Phil Heath focuses on the crucial upper half of side lateral reps for his medial deltoids.
Sometimes halfway is the best way. Most bodybuilding training advice prescribes full ranges of motion, and generally this is the best strategy. However, if done correctly, limiting your range of motion (ROM) can focus more tension on the targeted body part. We’re not speaking here about partial reps done after reaching failure with full reps, though those too can be very effective. Our focus this month is on sets that consist of only half reps or those that start with half reps but end with full reps. This kind of “half-stepping” can make sets both harder and more effective.
The reason to do half reps is to focus more on a specific part of an exercise’s range of motion.

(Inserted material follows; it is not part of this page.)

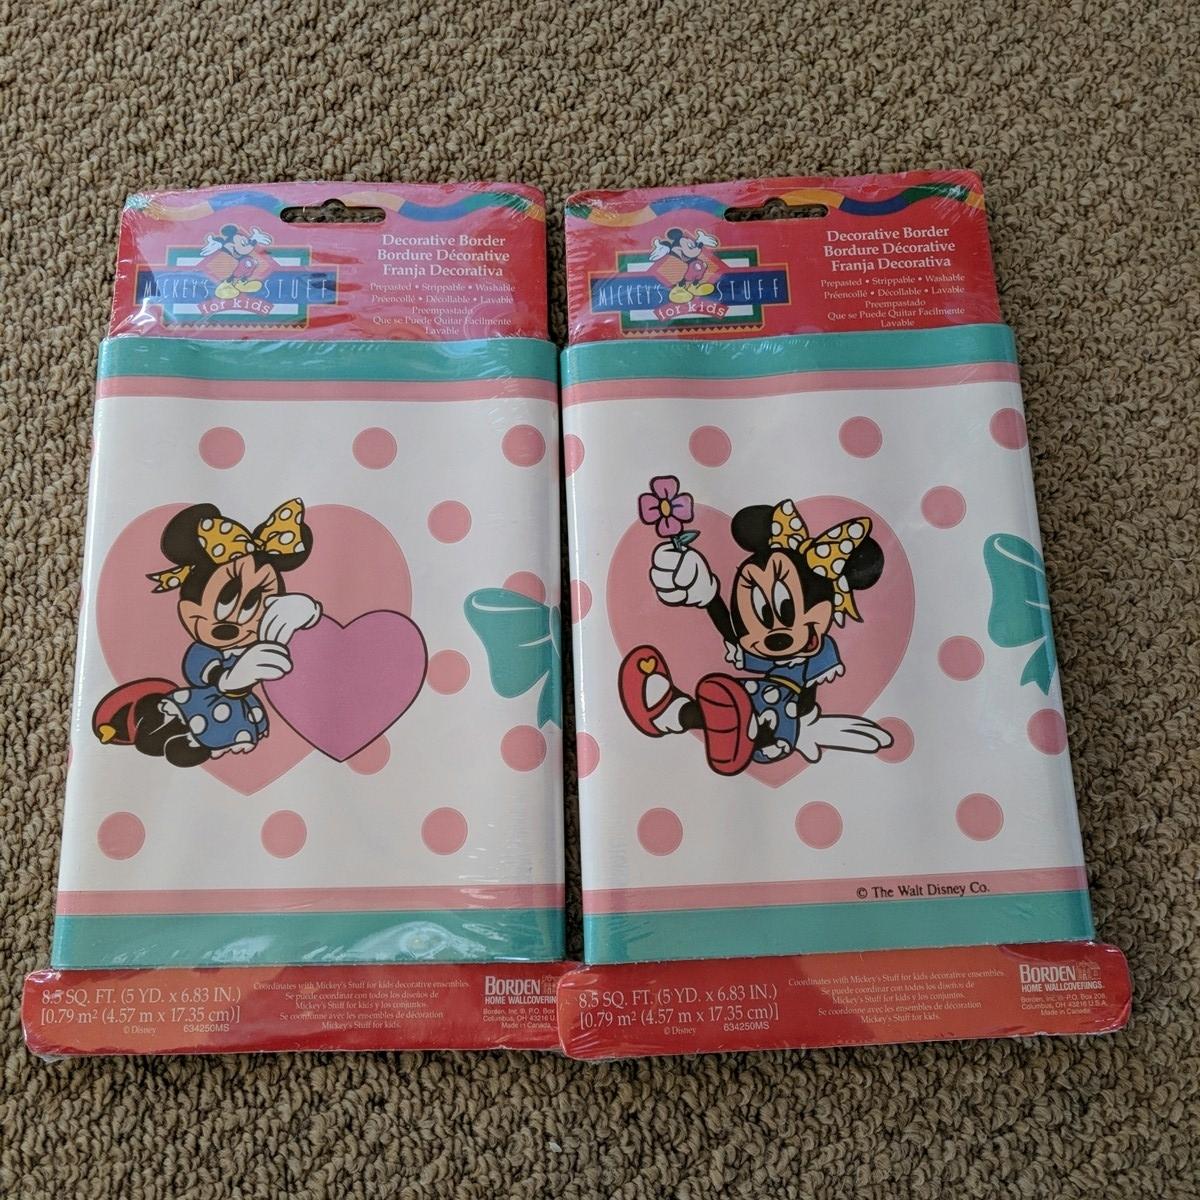 新品 アメリカ入手 未使用2set ディズニー ミニー ミニーマウス
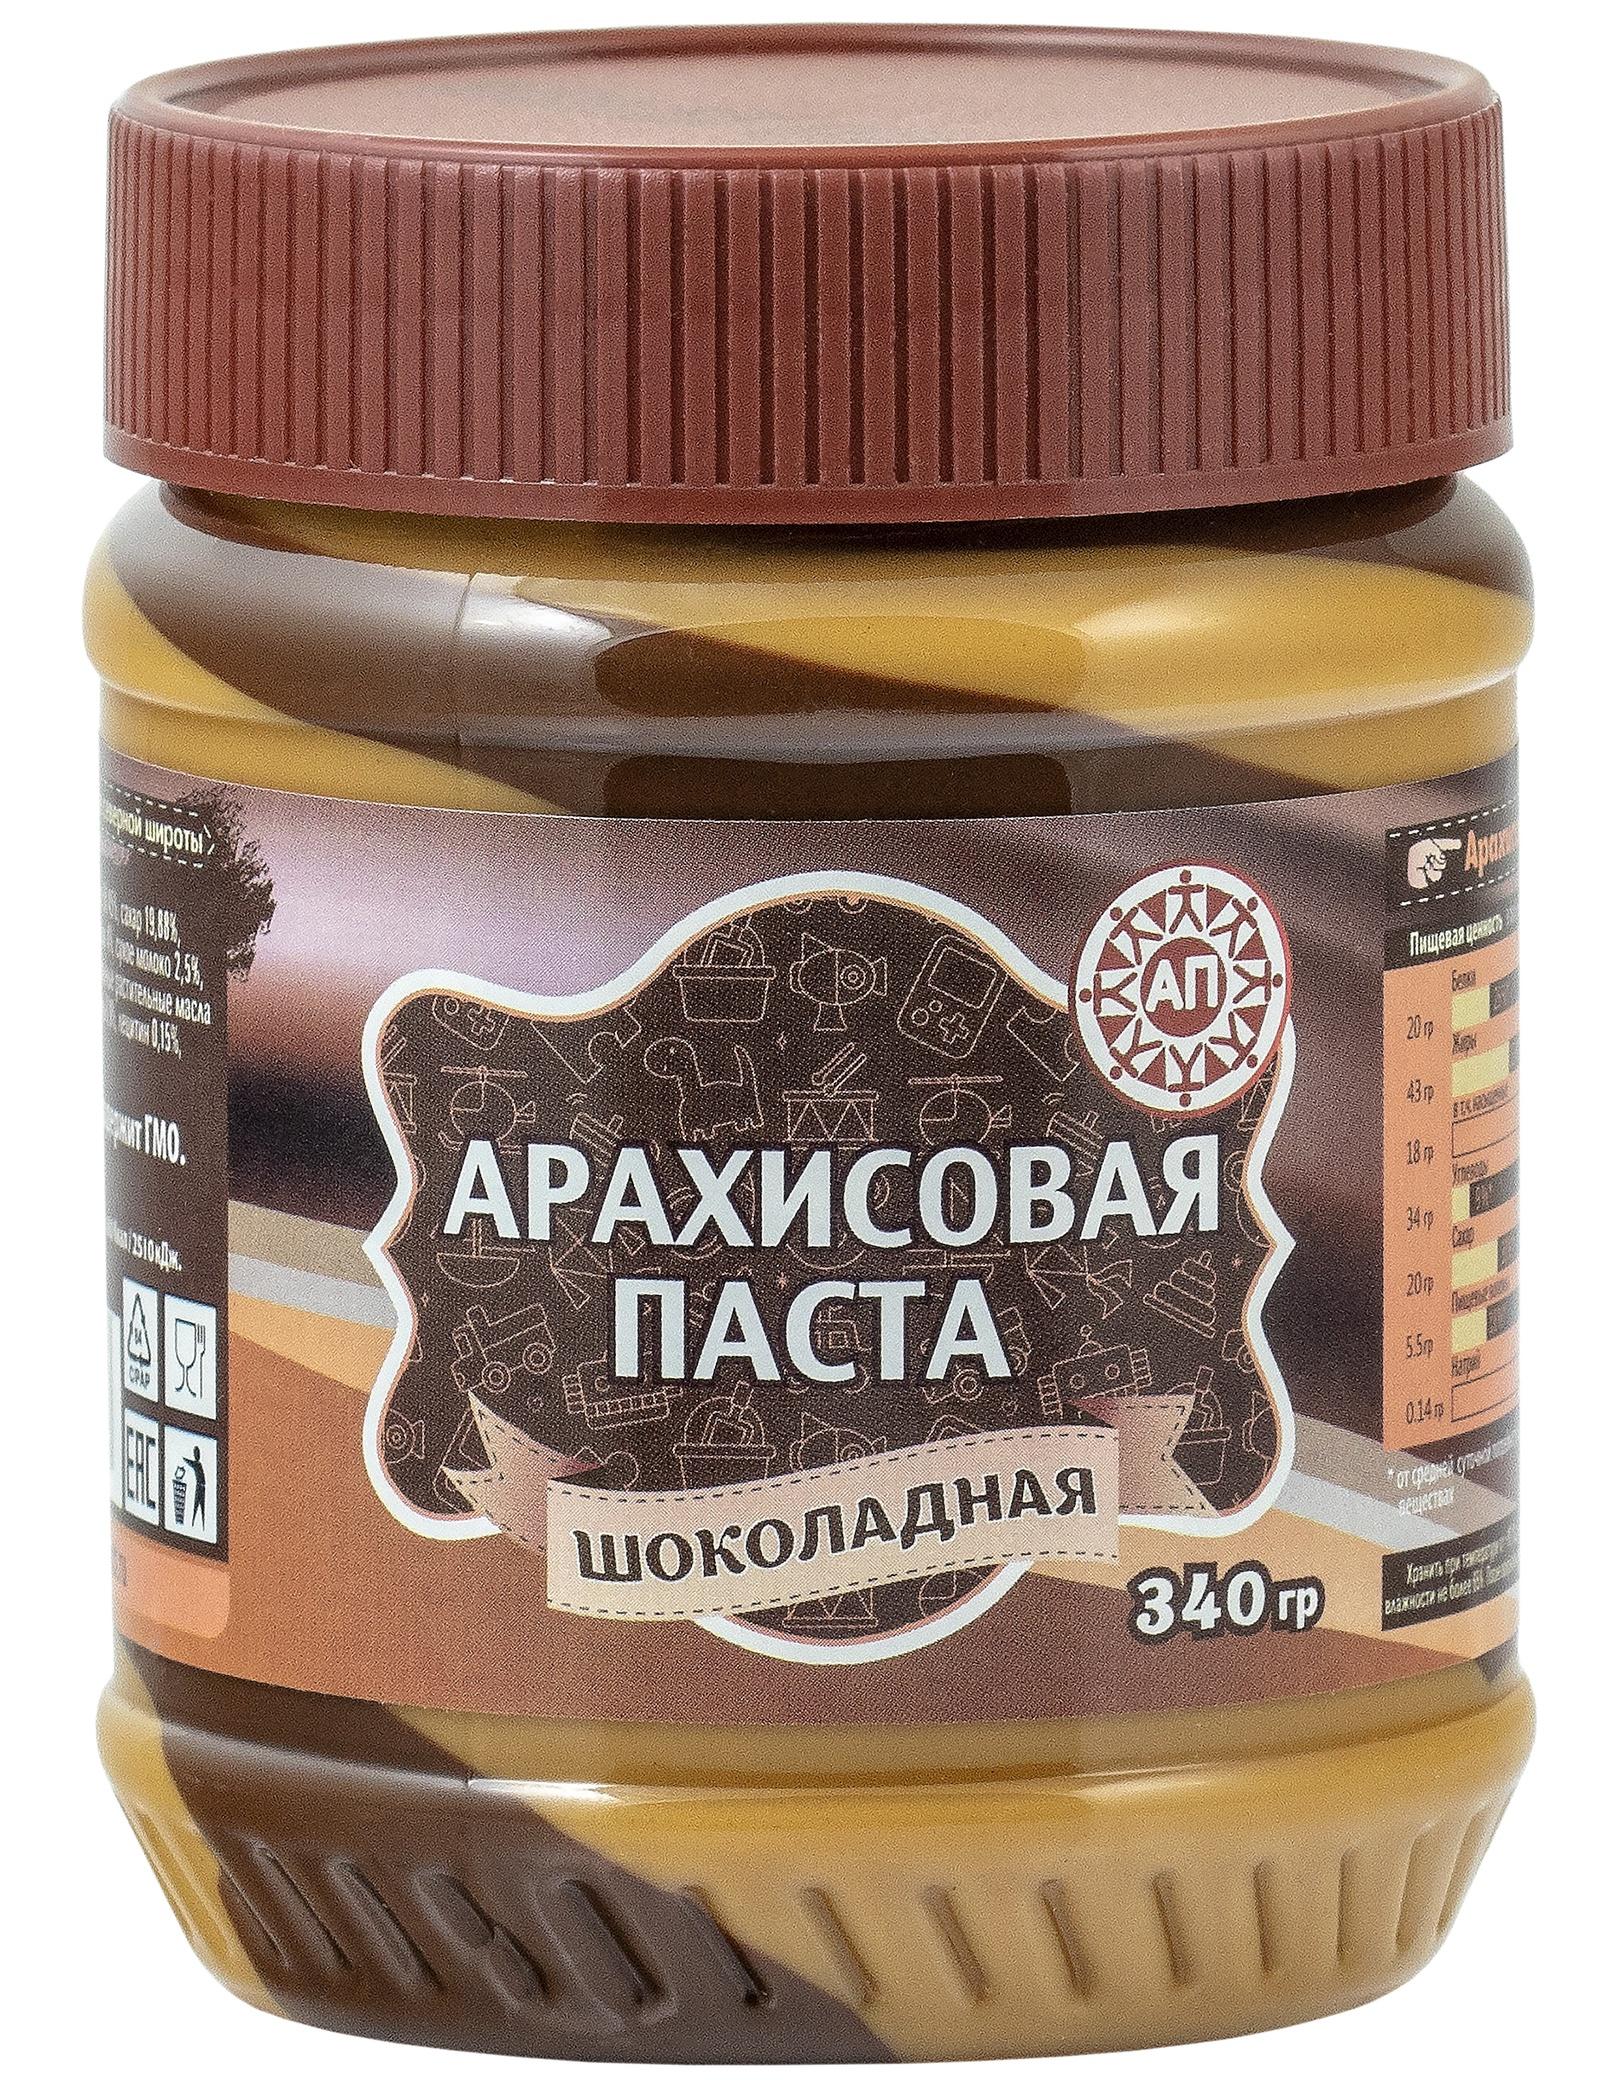 Ореховая паста АП Шоколадная, Арахисово-шоколадная паста

Sometimes this is done with compound lifts to increase your strength during a sticking point. For example, powerlifters may work on only the top halves of bench presses in order to get stronger lockouts—the area where many bench presses fail. Bodybuilders can do the same thing in order to target their triceps, which are the prime movers during lockouts (pectorals play a greater role during the bottom halves of reps). Because multiple muscles are stimulated during a compound lift, it’s crucial to select the right segment of such an exercise to work the targeted area. For example, top deadlifts eliminate most lower-body movement and thus focus more on the back and traps than full deadlifts.
You can also do half reps during some isolation exercises. Select a lift with a long ROM. Shrugs, for example, would be a poor choice because their ROM is short. By contrast, leg curls have a long ROM. You also need to be aware of when the muscle is most engaged. You might assume this is always during the top halves of reps when the muscle maximally contracts, but sometimes it’s during the bottom halves when the muscle stretches. For example, the biceps are most engaged during the lower halves of preacher curls. Therefore, doing only the top halves would be inefficient.